Call Them Right Back

When I was very young, I was asked to make cold calls for the family business. I had a little experience, having made cold calls for a charity a few years earlier, but I had had no training. I was, however, provided with a set of index cards that included a script and language to “overcome” any “objections” I might receive while dialing strangers.

One of the first calls I made was answered, and the person answering hung up on me. I called my leadership team and asked what I was supposed to do when someone hung up on me. I was told, “Call them right back.”

That didn’t sound like a good idea. First, the person had just hung up on me. That is not a sign that someone wants to continue any kind of conversation. It’s evidence that they are quite committed to not having the conversation. Second, and more importantly, calling back means making someone who is already unhappy that you called them even more unhappy. This would be creating conflict.

I called back. Indeed, the person on the other end of the phone was miffed. He was in no way impressed that I called him right back. Nor was he moved by my strategy for starting the conversation over (something that I improved over time). But he didn’t punch me in the face, he didn’t yell me, and he didn’t hang up on me. Instead, he said no to my request for a meeting. That is all there was to that call, and it was one I would occasionally have to make while prospecting.
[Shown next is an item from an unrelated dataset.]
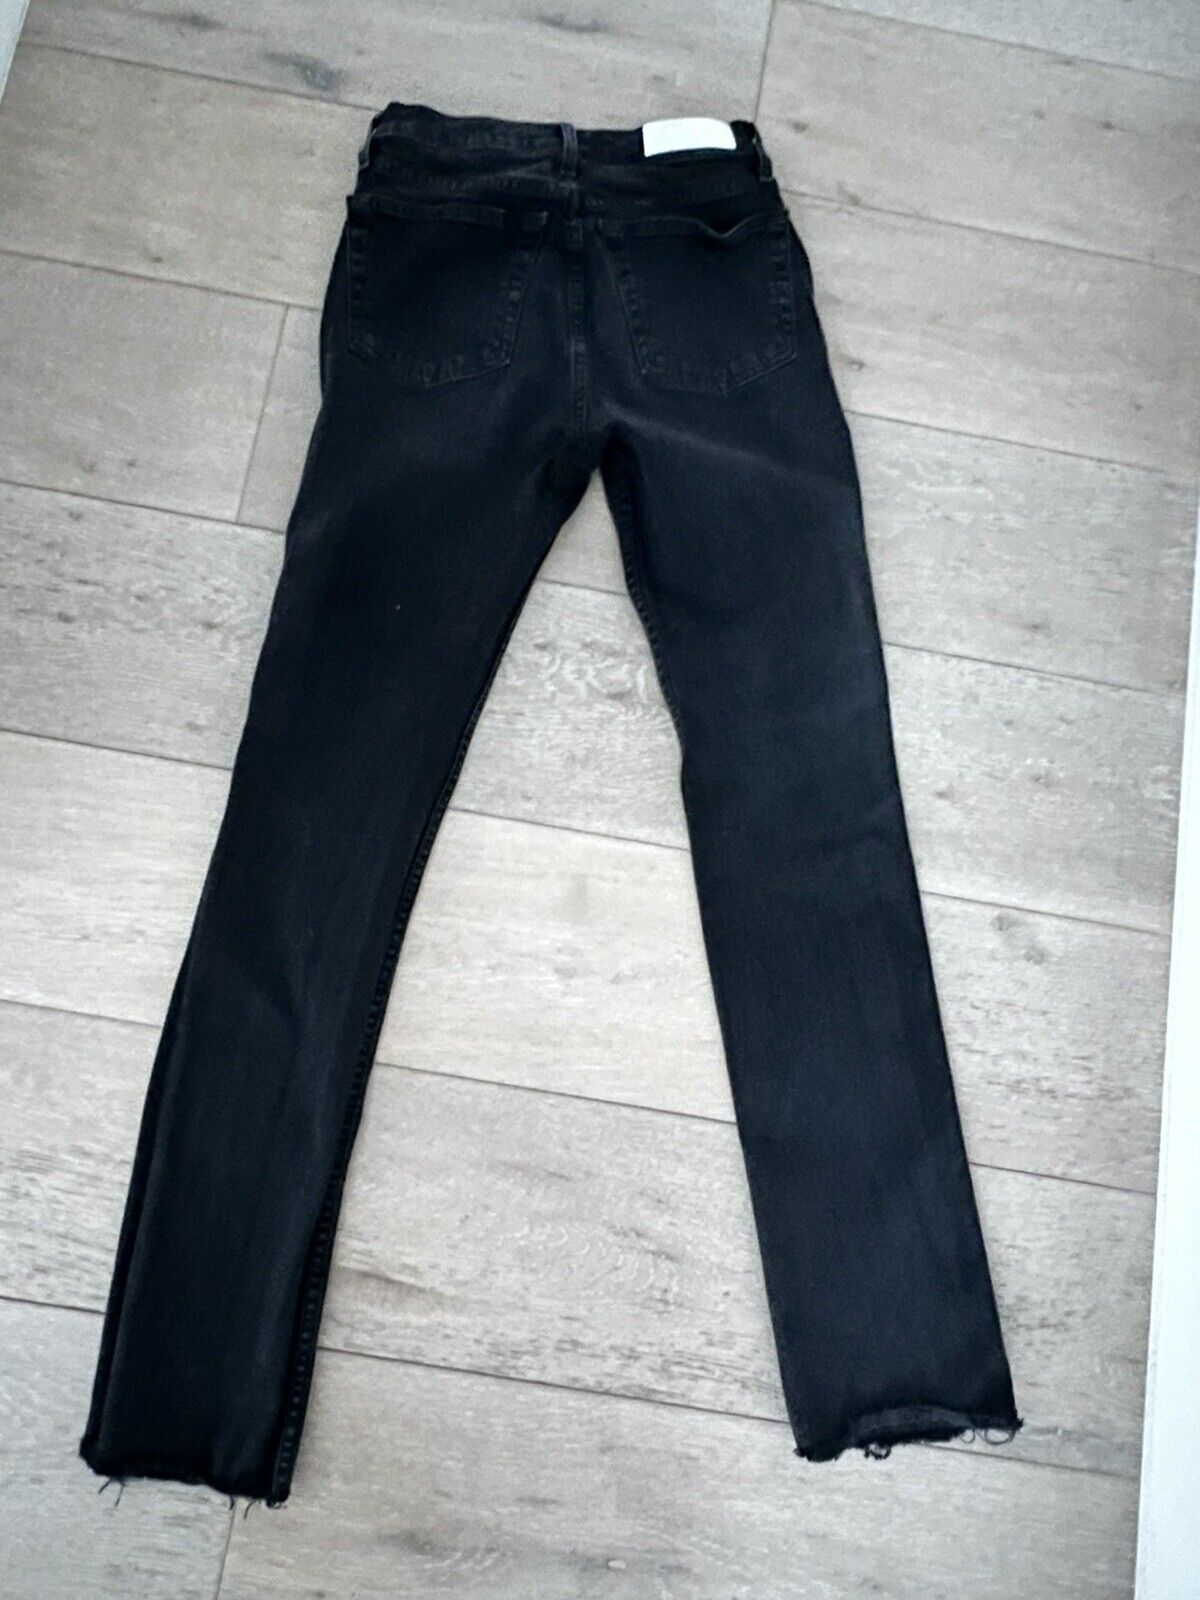 RE / DONE LADIES BLACK JEANS - SIZE 26 - PRE OWNED - image 4

Making the call, however, had the positive effect of eliminating the potential to become conflict-averse. It also helped me come to the idea that I was a peer to my clients, not some subservient, milquetoast order-taker.

Do not read anything here as a license to go create conflict. You are better off creating an opportunity to collaborate than you are creating conflict that is not necessary.

That said, you are going to have to deal with conflict if you work in business. You are going to be comfortable dealing with issues and challenges where there will be disagreements. Avoiding conflict is allowing tiny monsters to blossom into gargantuan monsters.

When you need to have the difficult conversation, have the difficult conversation.